I have a question.. My friend has a really nice Nigerian buck. He has a huge forehead, though. He seems to pass this on to his kids. Is this a good thing (that he has a large forehead, or not?) Is it just a personal preferance for breeders to breed for this, or not? I don't really mind that they have big foreheads, but was just curious about it.. Thanks. Here are a few photos of some of his kids (with those large foreheads.


----------



## Goat Lover 98 (Mar 25, 2012)

Plenty of room for nice big brains :laugh: Sorry, I really have no idea.


----------



## packhillboers (Feb 2, 2011)

I have a little bubble headed doeling. She is a smart little thing and we should have named her and her brother Pinky and the Brain because they are the smartest ones of the whole bunch but arent much for looks.


----------



## VincekFarm (Jun 27, 2011)

Does his doelings have big foreheads also or is it just the bucklings. What I've seen so far is that bucks always tend to have rather large foreheads, but thats just my experience. :2cents:


----------



## ETgoatygirl (Mar 23, 2012)

Thanks guys for the ideas. I guess I'll never know for sure... Also, both the boy and the girl kids out of this buck have rather wide foreheads. Well, I don't mind it one bit. And I guess it does leave room for bigger brains


----------



## Goober (Aug 21, 2009)

Are they by any chance polled?


----------



## ETgoatygirl (Mar 23, 2012)

Goober... No, the kids are not polled.


----------



## KW Farms (Jun 21, 2008)

The kids look pretty normal. 

You want a goat with an attractive head, nice shape, nice feature placement. If a goat has an obviously larger forehead then average, that would be something you don't really want to breed for...i'd have to see a picture of the buck to get an idea, but these kids don't really have the noticeably different heads. Their muzzles do look a bit small though.
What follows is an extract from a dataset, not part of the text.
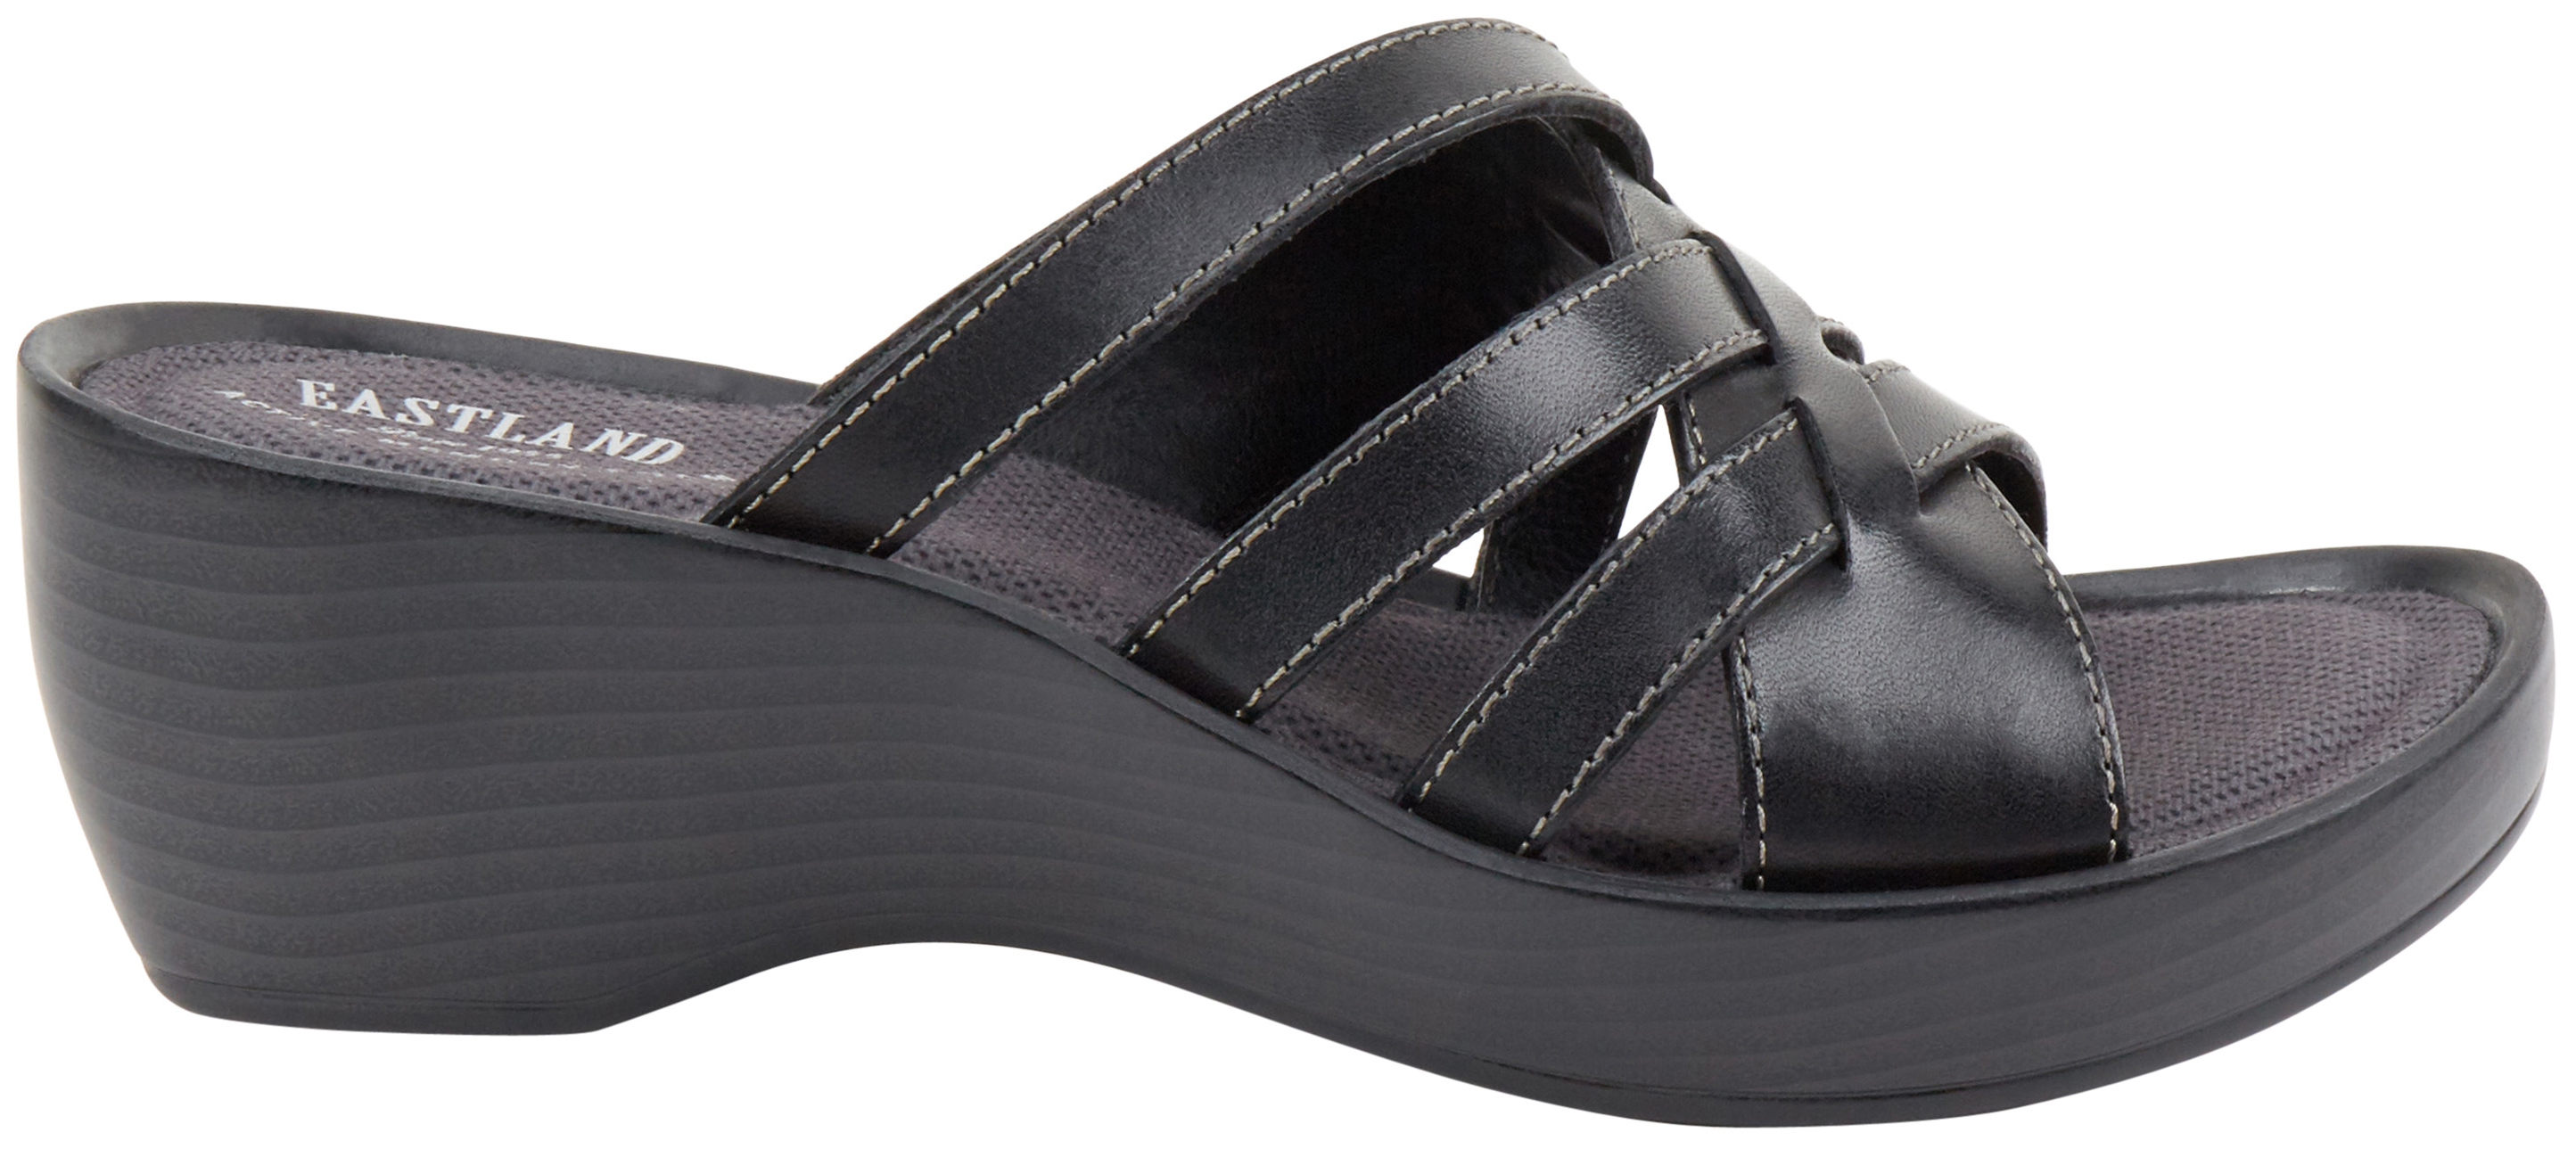 Black poppy sandals - Eastland Women S Black Poppy Wedge Sandals Black Hi Res

The muzzles on kids should be good width and size. Small muzzles should not bred for and are something to stay away from...newborn kids can have trouble getting those first breaths and in nigerians we want to make sure kids can be born on their own and not have to worry about taking in air.

I read a really good article on this...if I can find it i'll post...it may have been in Dairy Goat Journal? Not positive. But a breeder was in the article discussing what to look for in newborn kids. She would make it a point to look at the muzzles and face...looking for that width, size, and shape in the face.


----------



## ETgoatygirl (Mar 23, 2012)

*Thanks*

Thanks for the great info KW farms! I will definitely have to keep that in mind (about little mouths).. I will go out and compare forehead size of the normal kids to the one with the big head. Then I should be able to tell if she has a big forehead or a little mouth I'll ask my friend if I can post a picture of her buck. She probably won't mind a bit.


----------



## KW Farms (Jun 21, 2008)

You're welcome. Sounds good. :thumb:


----------